University of Pennsylvania
We develop a dynamic model of opinion formation in social networks when the information required for learning a payoff-relevant parameter may not be at the disposal of any single agent. Individuals engage in communication with their neighbors in order to learn from their experiences. However, instead of incorporating the views of their neighbors in a fully Bayesian manner, agents use a simple updating rule which linearly combines their personal experience and the views of their neighbors (even though the neighbors’ views may be quite inaccurate).
This non-Bayesian learning rule is motivated by the formidable complexity required to fully implement Bayesian updating in networks. We show that, as long as individuals take their personal signals into account in a Bayesian way, repeated interactions lead them to successfully aggregate information and learn the true underlying state of the world.
This result holds in spite of the apparent naivete of agents’ updating rule, the agents’ need for information from sources the existence of which they may not be aware of, the possibility that the most persuasive agents in the network are precisely those least informed and with worst prior views, and the assumption that no agent can tell whether her own views or those of her neighbors are more accurate. Furthermore, we show that when learning occurs, the rate is exponentially fast, and we provide upper and lower bounds on the rate of learning, as a functionof informativeness of the private signals and "Centrality of agents" in the network.
Joint work with Alireza Tahbaz-Salehi (Columbia GSB), Pooya Molavi (Penn), and Alvaro Sandroni (Kellogg School, Northwestern Unievrsity)
Ali Jadbabaie received his BS degree (with high honors) in Electrical Engineering from Sharif University of Technology in 1995. After a brief period of working as a control engineer, he came to the US and got his Masters degree in Electrical and Computer Engineering from the University of New Mexico, Albuquerque in 1997and a Ph.D. degree in Control and Dynamical Systems from California Institute of Technology in 2001.
From July 2001-July 2002 he was a postdoctoral associate at the department of Electrical Engineering at Yale University. Since July 2002 he has been at the University of Pennsylvania, Philadelphia, PA, where he is currently a Professor of Electrical and Systems Engineering with a secondary appointment in Computer & Information Science.
He is the founding co-director of the Singh Program in Market and Social Systems Engineering, an elite new undergraduate degree program at Penn that blends operations research, economics, and computer science with systems theory.
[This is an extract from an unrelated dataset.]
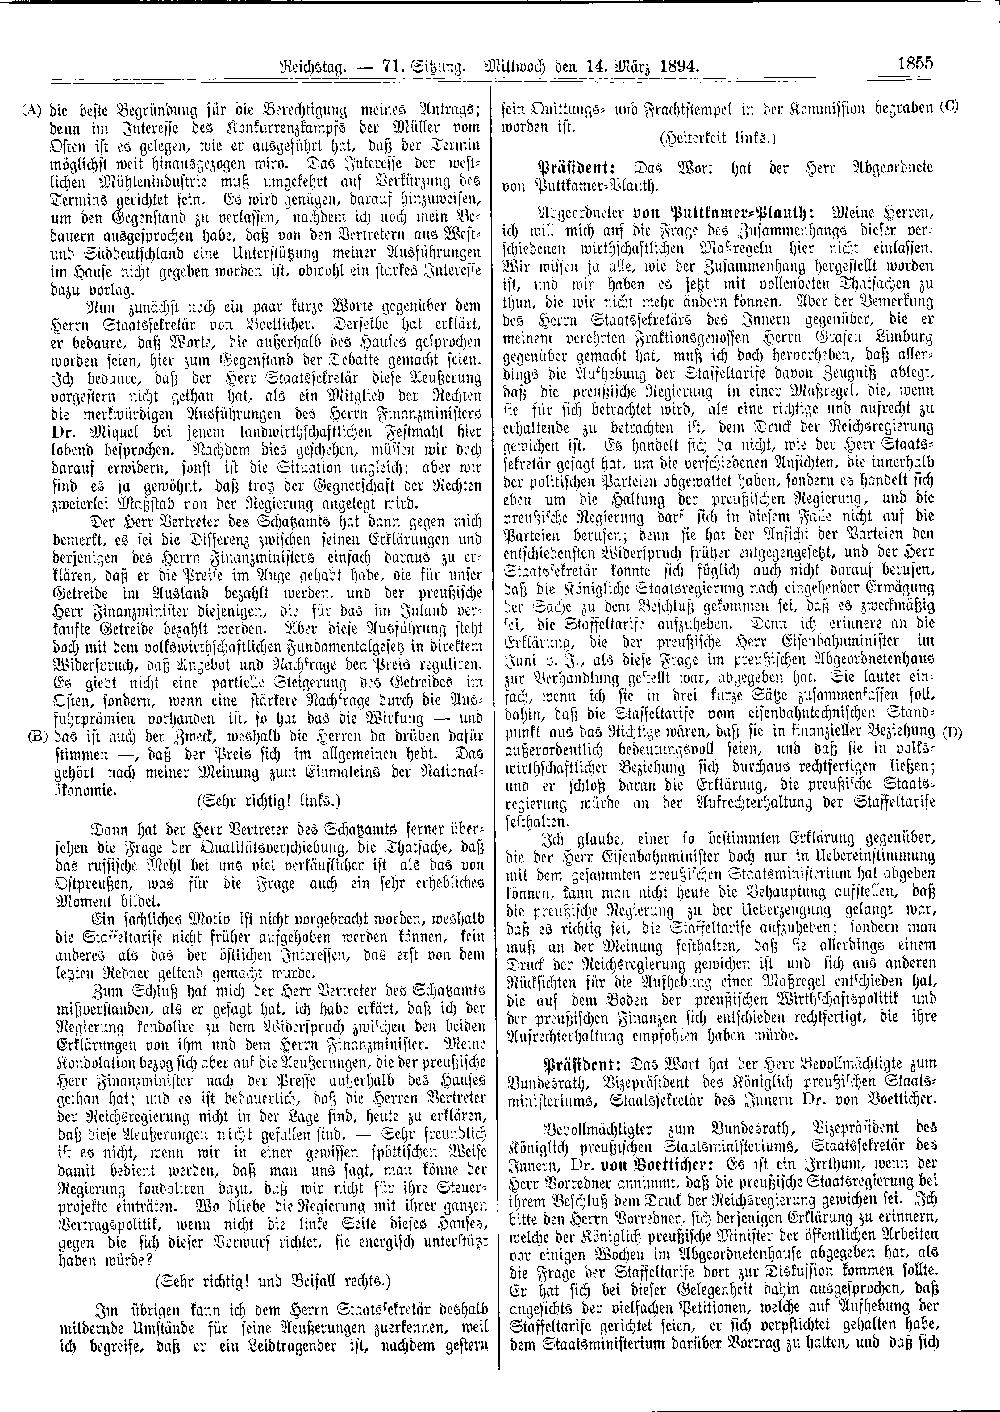 Scan der Seite 1855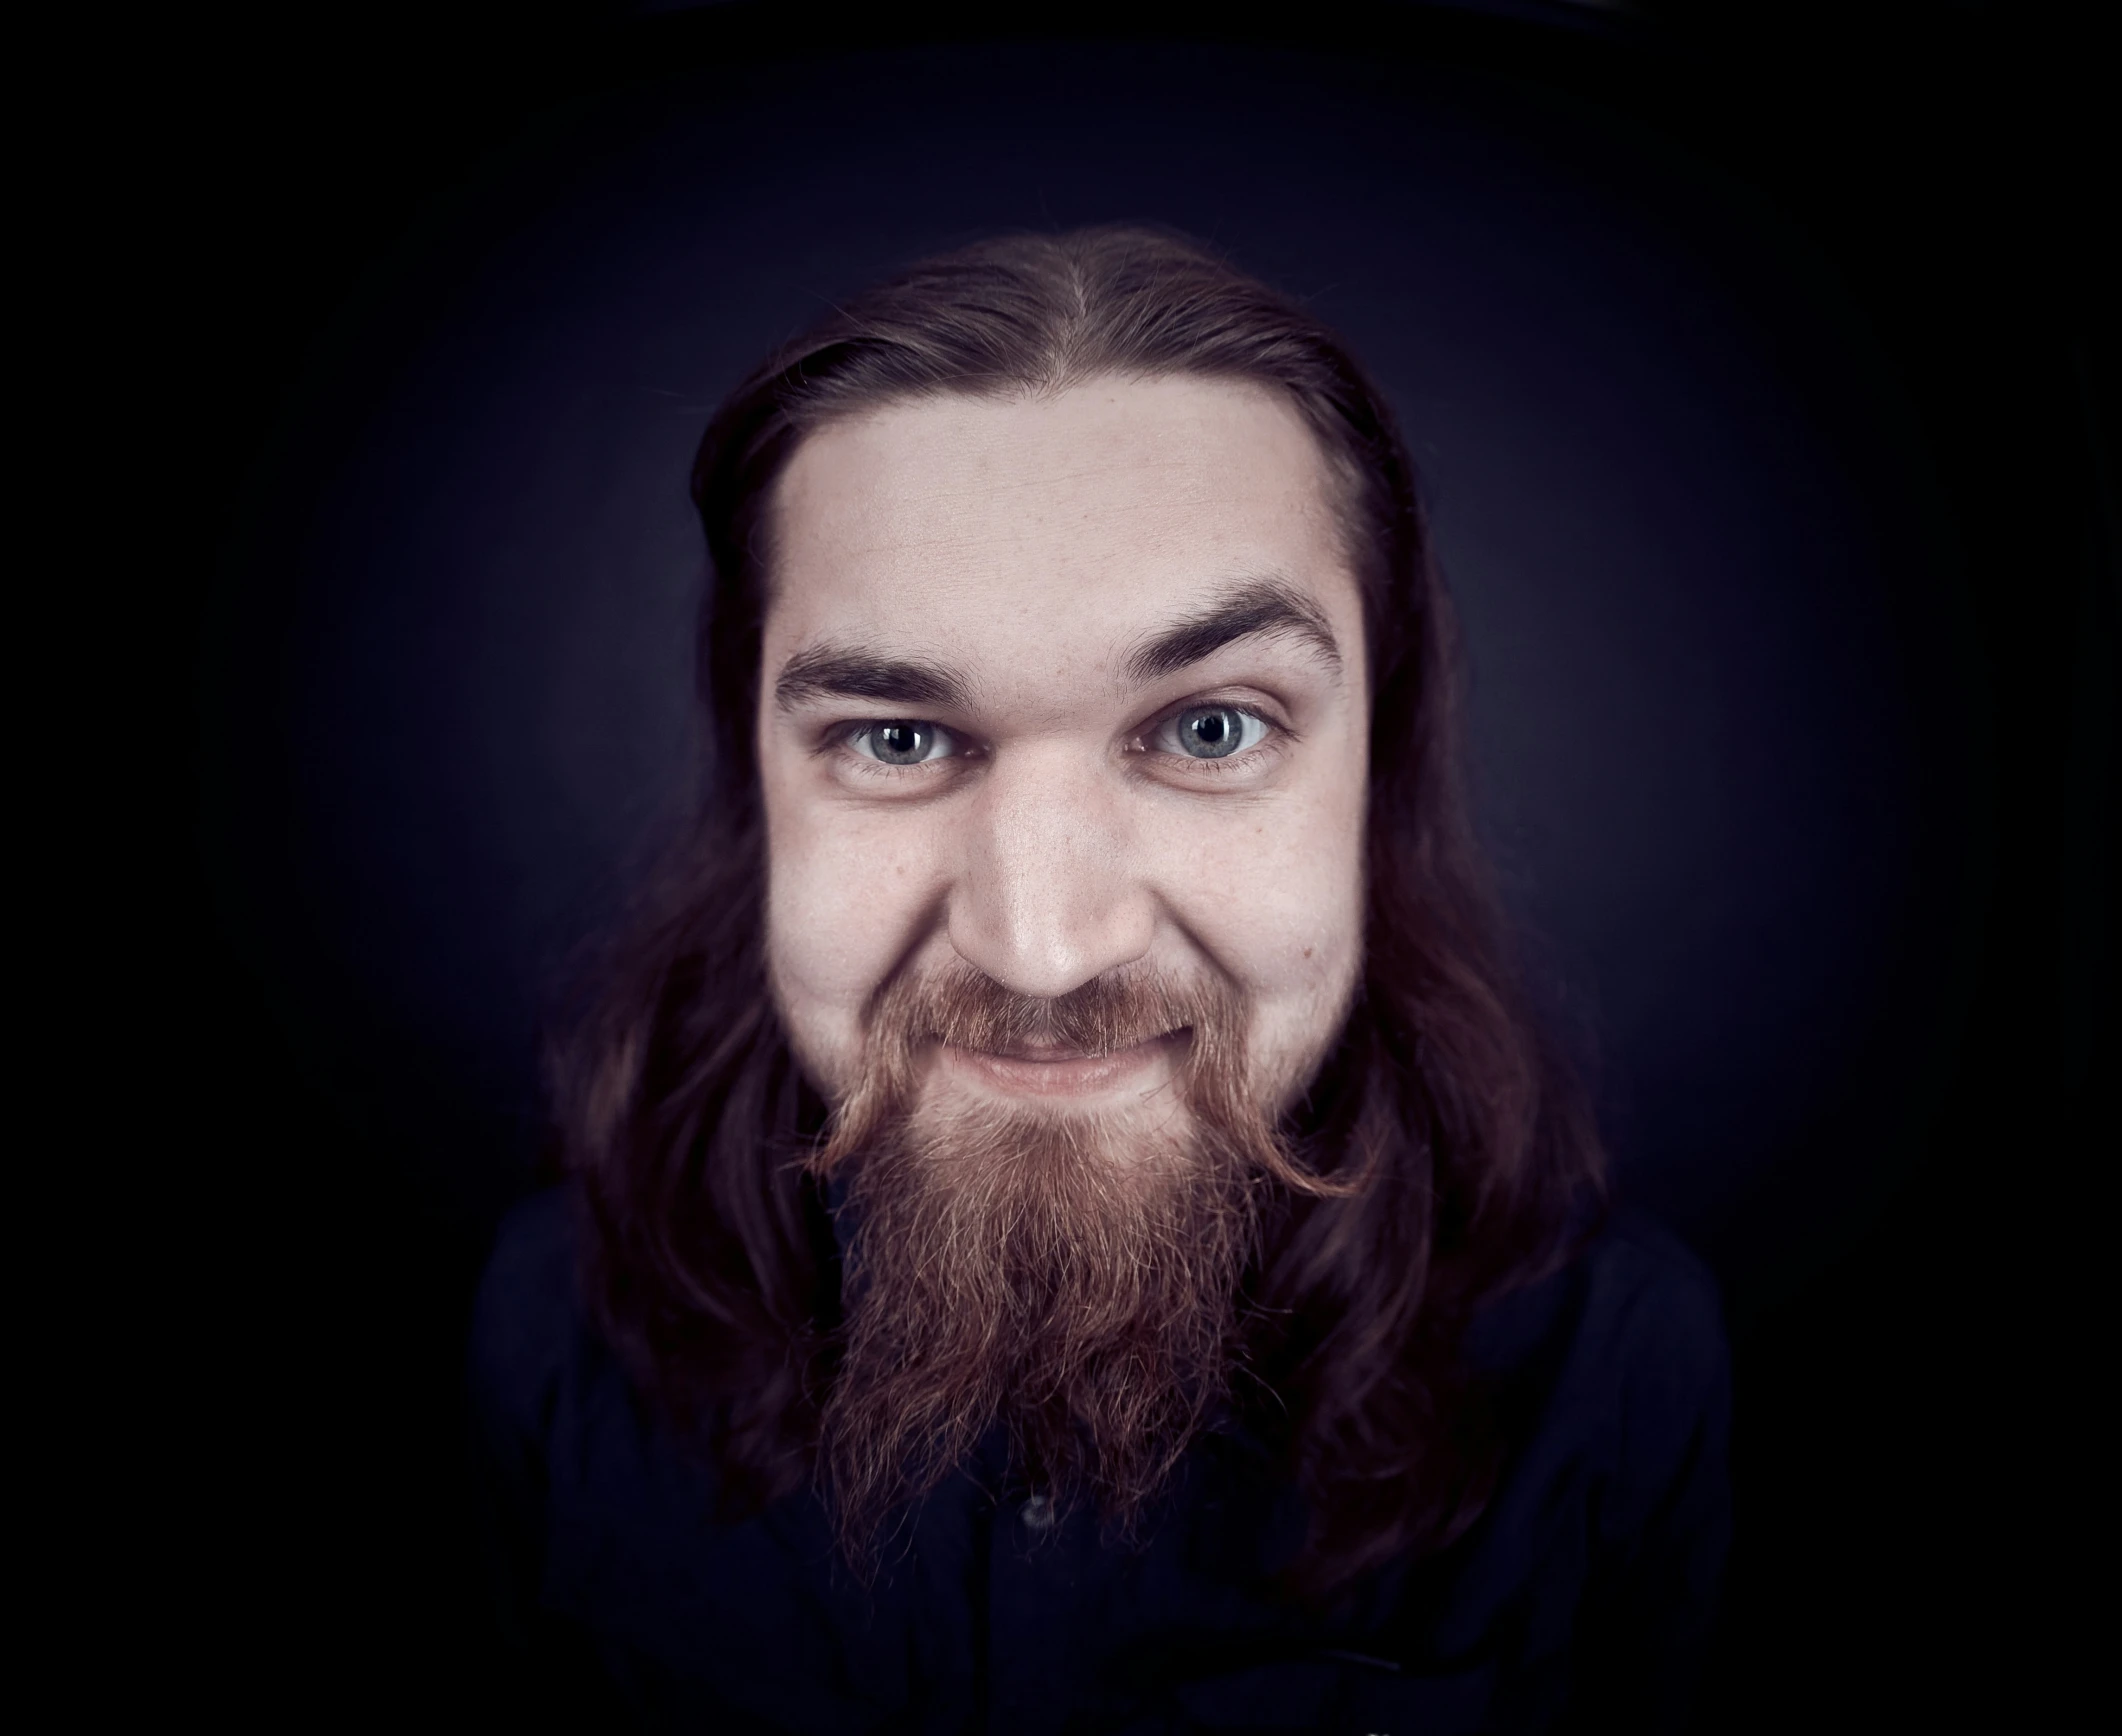 man with long hair and beard smiling at camera

He is a recipient of an NSF Career award, an ONR Young Investigator award, the O. Hugo Schuck Best Paper award of the American Automatic Control Council, and the George S. Axelby Outstanding Paper Award of the IEEE Control Systems Society.
His students have been recipients and finalists of best student paper awards in the American Control Conference and IEEE Conference on Decision and Control. His research is broadly in the interface of control theory and network science, specifically, analysis, design and optimization of networked dynamical systems with applications to sensor networks, multi-robot formation control, opinion aggregation, social learning and other collective phenomena.